Prove using the delta epsilon definition that
$$ L = \lim_{(x,y)\rightarrow (0,0)}\frac{x^5e^{xy}}{x^2+e^y}=0 $$
What I have done so far: $$\left | \frac{x^5e^{xy}}{x^2+e^y}-0 \right |< \epsilon \;\;\;\;\;\;\;\;\;\;\;\;\;\;\; 0<\sqrt{x^2+y^2}<\delta$$
Then $$ \left | \frac{x^5e^{xy}}{x^2+e^y}-0 \right |=\left | \frac{x^5e^{xy}}{x^2+e^y} \right |\leq \left | \frac{x^5e^{xy}}{x^2} \right |=\left | x^3 \right |\left | e^{xy} \right |=... $$
And this is where I get stuck, how should I proceed?
On
Be careful! You will also want to take limit along $x=0$ too so you shouldn't leave $x^2$ alone in the denominator.
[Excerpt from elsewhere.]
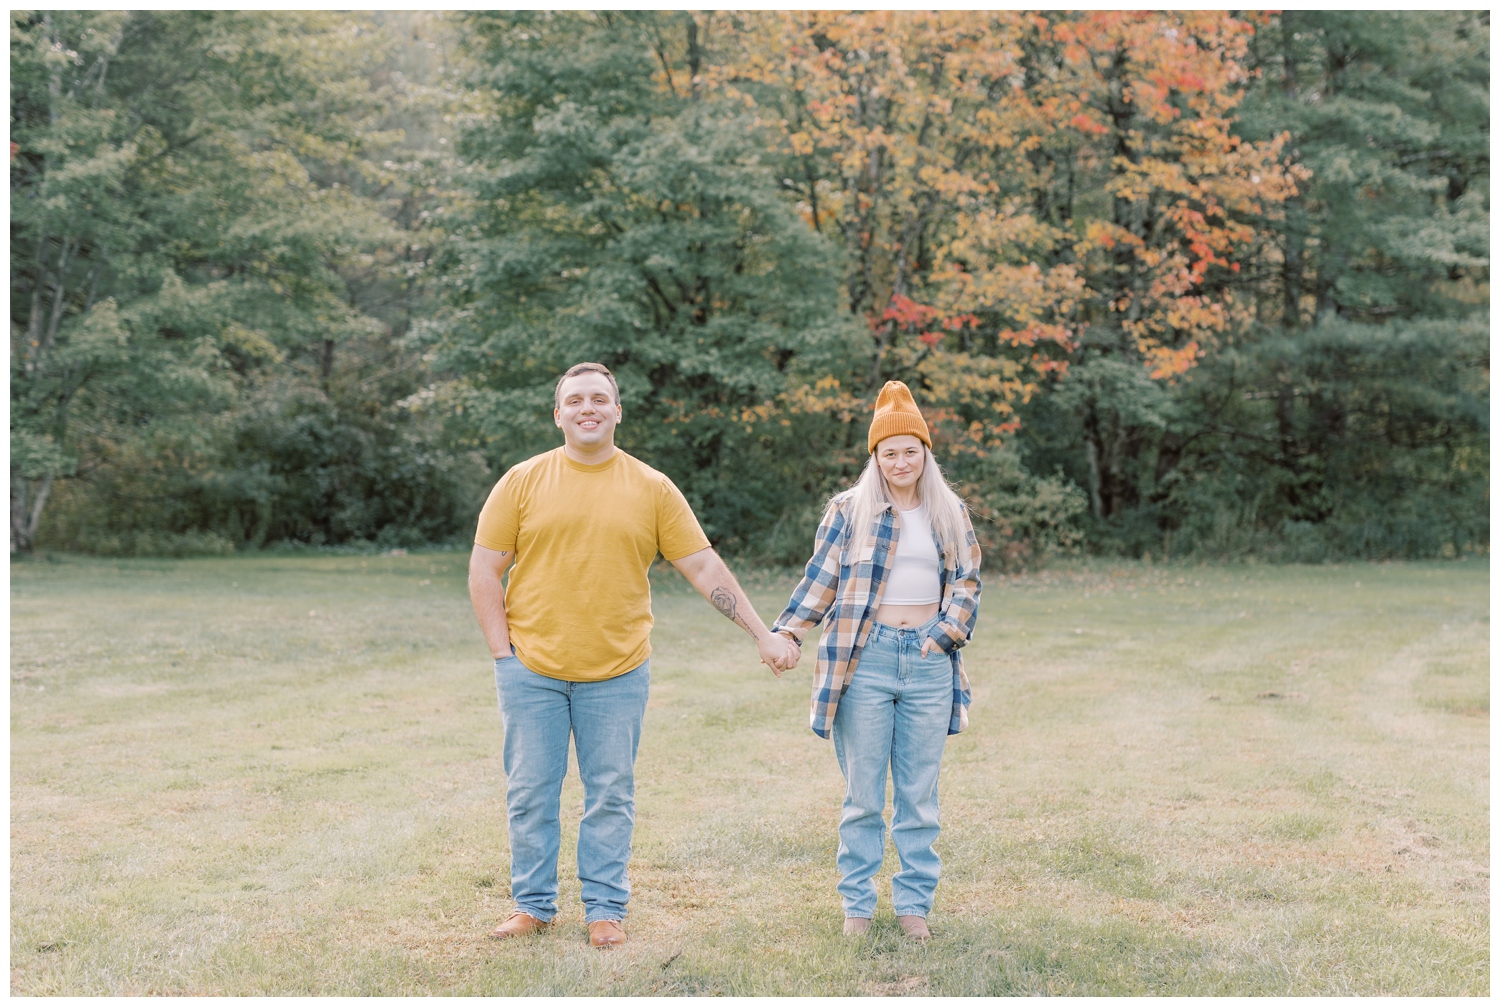 Couple holding hands and looking into the camera during their fall themed engagement session at Shenantaha Creek Park in Ballston Spa, NY.
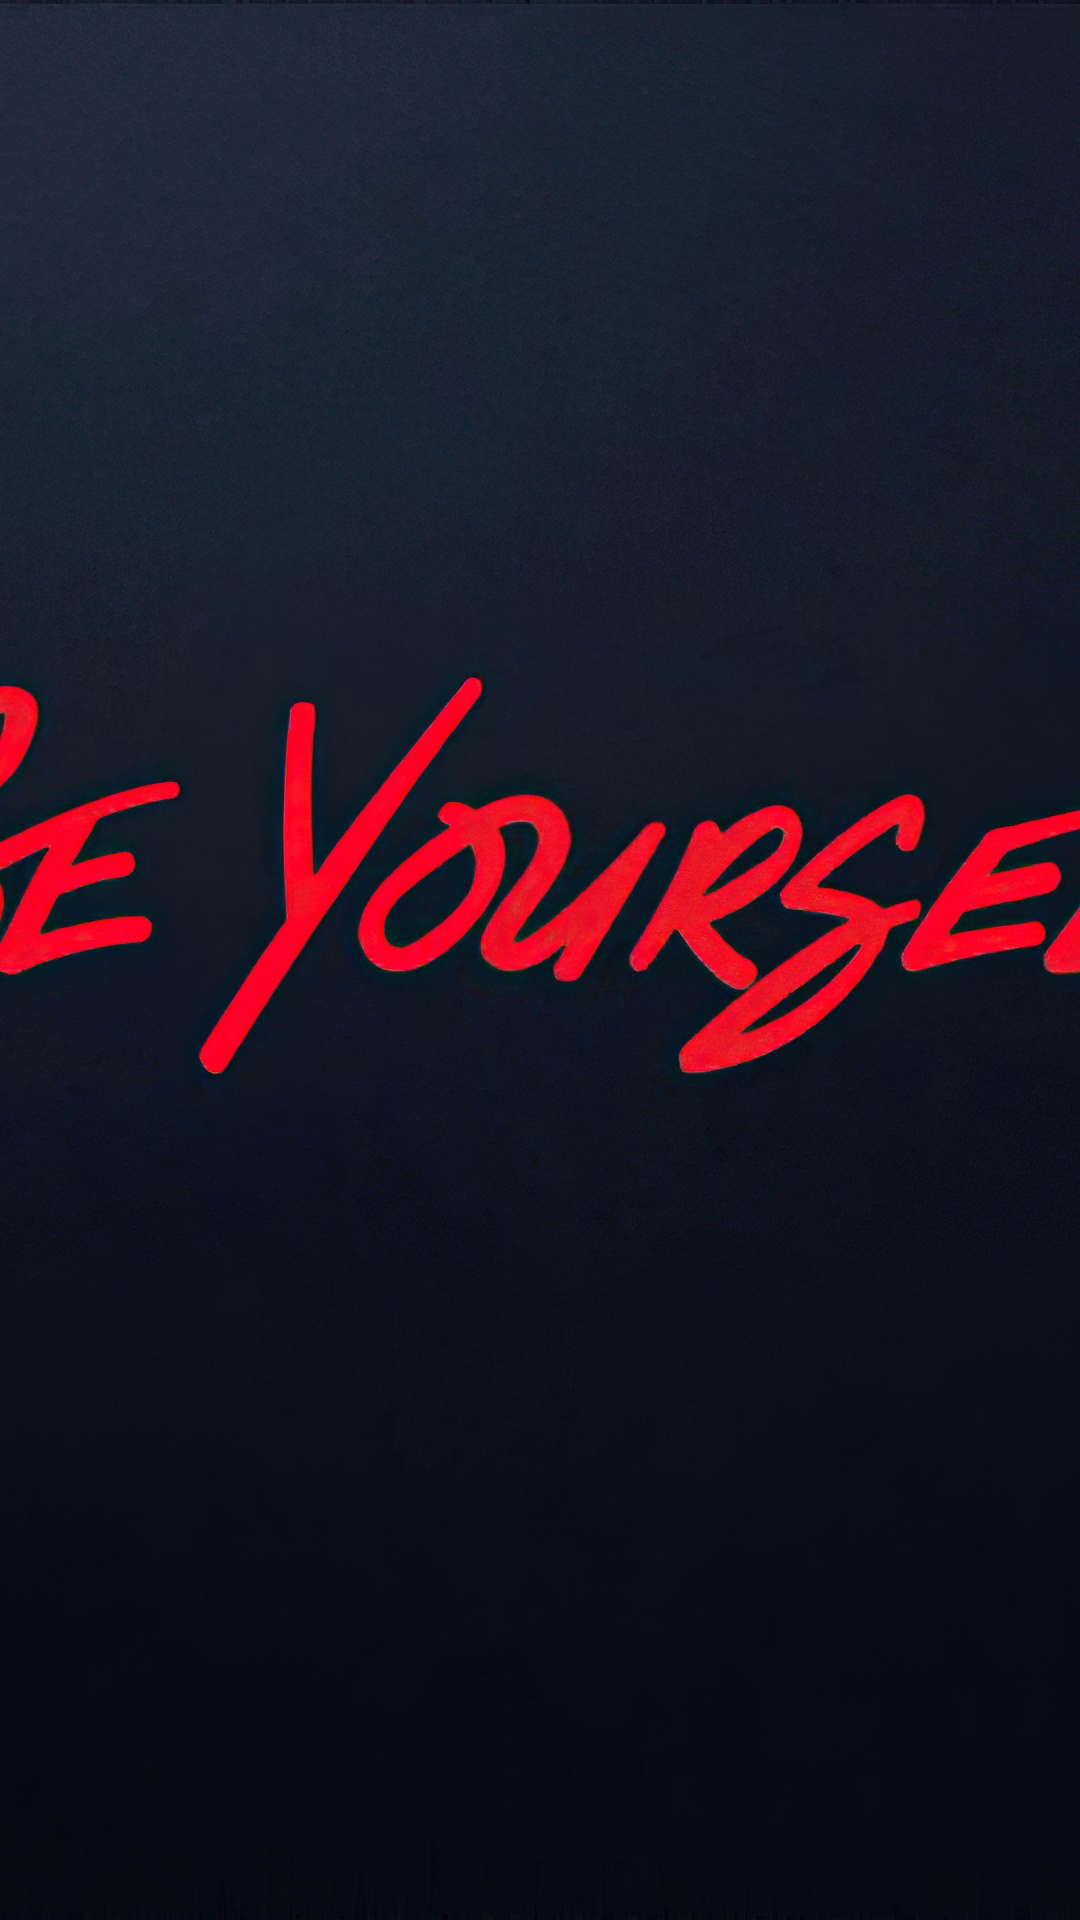 Be yourself 4K Wallpaper, Be You, Inspirational quotes, Dark background

Instead, look at $$ \left\lvert\frac{x^5 e^{xy}}{x^2+e^y}\right\rvert \leq \frac{\lvert x^5 e^{xy}\rvert}{e^y}=\lvert x^5\rvert\cdot e^{(x-1)y} $$ where the inequality comes from $e^y>0$ and $x^2\geq 0$.
On
$$ L = \lim_{(x,y)\rightarrow (0,0)}\frac{x^5e^{xy}}{x^2+e^y}=0 $$
Now $$\left | \frac{x^5e^{xy}}{x^2+e^y}-0 \right |< \epsilon \;\;\;\;\;\;\;\;\;\;\;\;\;\;\; 0<\sqrt{x^2+y^2}<\delta$$
Then $$ \left | \frac{x^5e^{xy}}{x^2+e^y}-0 \right |=\left | \frac{x^5e^{xy}}{x^2+e^y} \right |\leq \left | \frac{x^5e^{xy}}{e^y} \right |=\left | x^5 \right |e^{(x-1)y} $$
$$ <\left | x^5 \right |e\leq \left | x^2 \right |e\leq \left | x^2+y^2 \right |e\leq \left | x+y \right |e $$ $$ \leq e\sqrt{x^2+y^2}<e\delta $$ Thus
$$ e\delta=\epsilon \Rightarrow \delta=\frac{\epsilon}{e} $$
Note that for $|x|,|y|<1$ you have that $|e^{xy}|<e$ and $|x^3|\leq|x^2|\leq|x^2+y^2|$.
Can you proceed, choosing $\delta$ small enough so that the given expression is less than $\epsilon$?